Apresentado pelo Salomão “Revista Caras” Schvartzman (quem acha o apelido maldoso não conhece a figura, que acharia um elogio).
Título idiota, na esteira do Divirta-se com os Clássicos.
O objetivo é apresentar o melhor da música, dos grandes gênios, por quem mais entende do assunto. Consiste (o primeiro programa foi assim) de primeiros movimentos – sim, apenas o 1º – de Sinfonias Megapopulares, esquartejamentos semelhantes e Danúbios Azuis, antecedidos por comentários românticos bregas e extremamente fetichistas.
Em relação aos cosméticos, o slogan diz algo como: “para o homem que ousa se cuidar.” Talvez um dia eu pare de comer por causa desse tipo de atitude, mas eu parei de usar a espuma de barbear e a loção pós-barba desta marca que me ofende, supondo que sou um ouvinte estúpido (talvez seja, mas não tanto). Eu até gostava, mas prefiro empresas que ousam em coisas ousadas ou que não ousam em coisas não ousadas (Sáb. Perf.) ou que não ousam no que não é da sua conta – afinal, o que tem a ver Beethoven com hidratantes?
Música Impossível
O melhor e mais relevante programa já produzido pela emissora, até onde eu já escutei. Primeiro exterminaram a reprise, depois adiaram o horário, e, finalmente, impossibilitaram o programa.
No lugar colocaram o novo Kaleidoscópio, do talentoso compositor Almeida Prado, cujo primeiro programa foi excelente.
O que importa discutir é que um não substitui o outro. Apesar de aparentemente semelhantes, são completamente diferentes.
Almeida Prado – ao que indica o 1º programa, os próximos e o seu texto sobre – tentará apresentar aquilo que é fundamental na Música do séc. XX. Os “Clássicos” contemporâneos. A vanguarda dos livros de História, estabelecida como repertório.
O grande Ruggero abraça o risco, os outsiders, e sempre tentou trazer o que está “à margem da margem”.

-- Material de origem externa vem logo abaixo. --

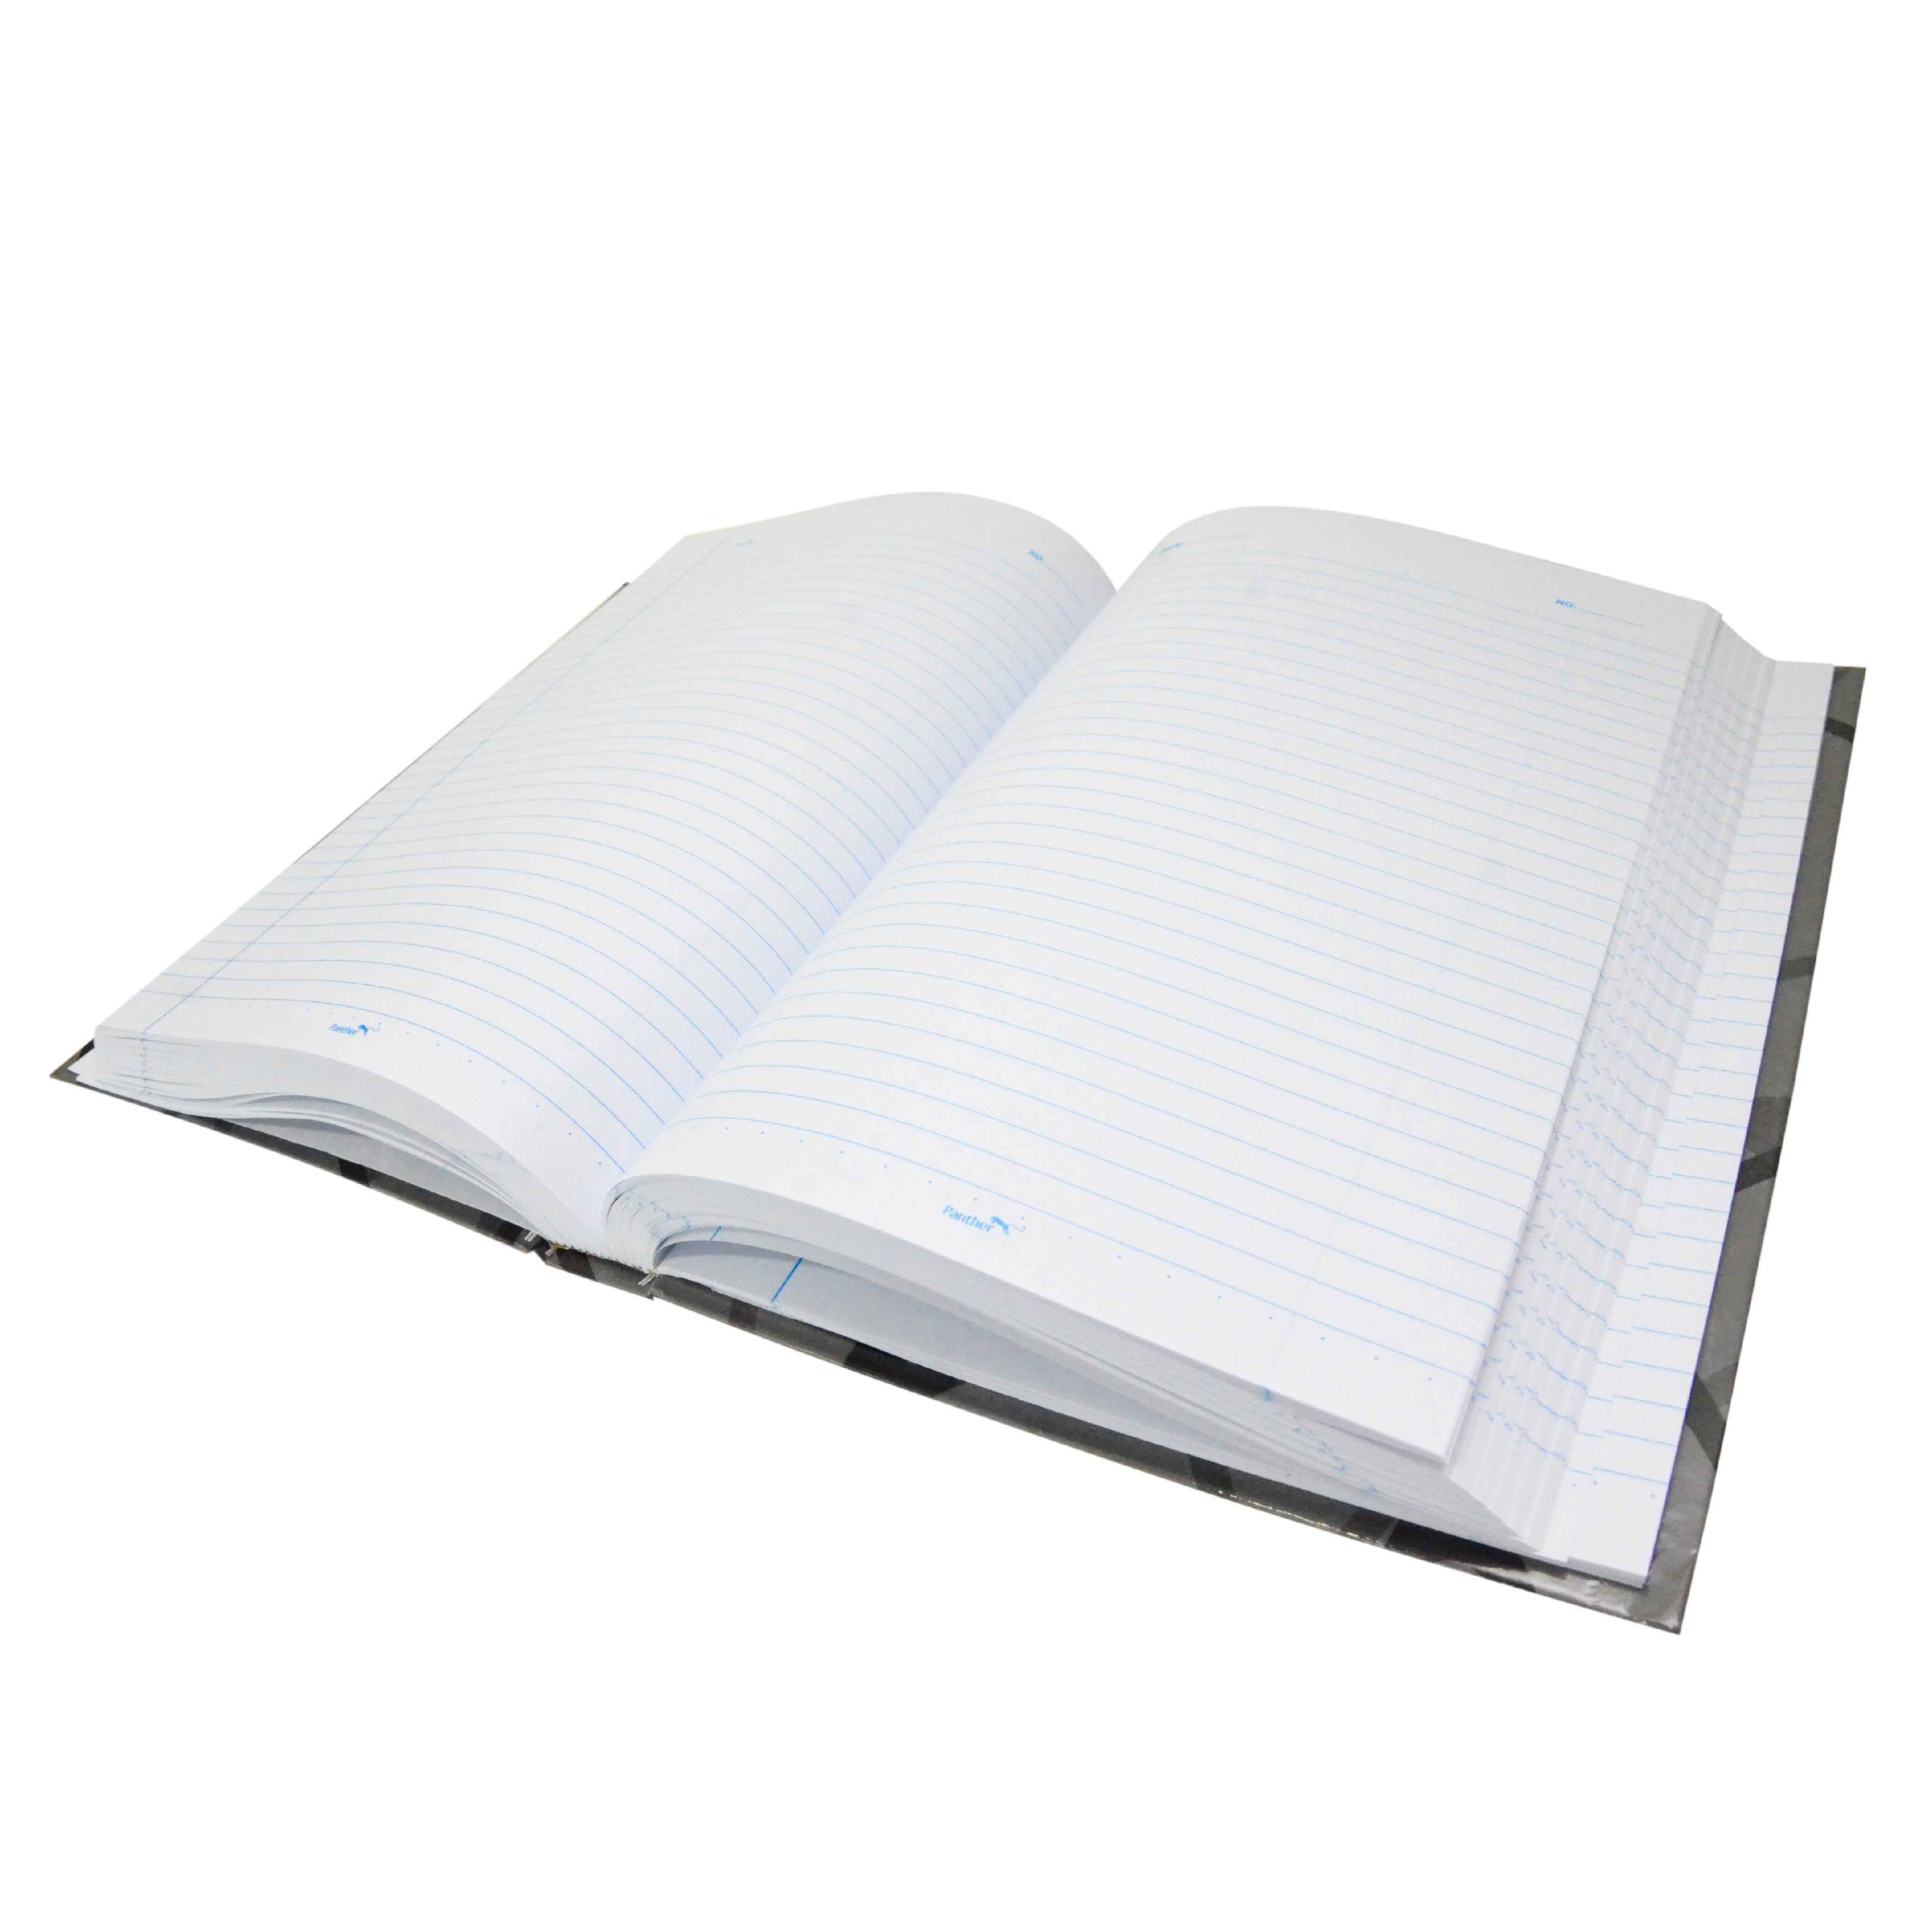 ST2424 A4 Hard Cover Note Book CONNECTED 04 scaled

Almeida Prado tocou os gigantes Varèse, Messiaen e Ligeti (uma de minhas maiores paixões); tocará nas próximas vezes Villa-Lobos, Glass, Carter, Gilberto Mendes. Provavelmente teremos adiante os geniais Webern, Berg, Stravinsky, Bartók, Berio, etc (e talvez não Boulez e Stockhausen, por divergências estéticas).
Ruggero nos trouxe Subotnick, Wolpe, Brown, o mendigo Partch, o “muito falado e pouco escutado” Schaeffer, o poeta sonoro Henri Chopin, etc.
Se são tipos diversos de repertório, as abordagens são também diversas.
R.R. fazia programas inteiros – ou séries – sobre apenas um compositor, trazendo muitas informações, e nos dando ao menos uma pequena idéia de compositores desconhecidos através de peças variadas. Apresentou, por exemplo, dois programas sobre Nancarrow (sou suspeito para falar, pois eu que pedi este) e um insano programa de seis horas com o rocambolesco Opus Clavicembalisticum, de Sorabji. Hoje isto seria impossível, e, se acontecesse, seria com os comerciais narrados por cima, de que eu já falei.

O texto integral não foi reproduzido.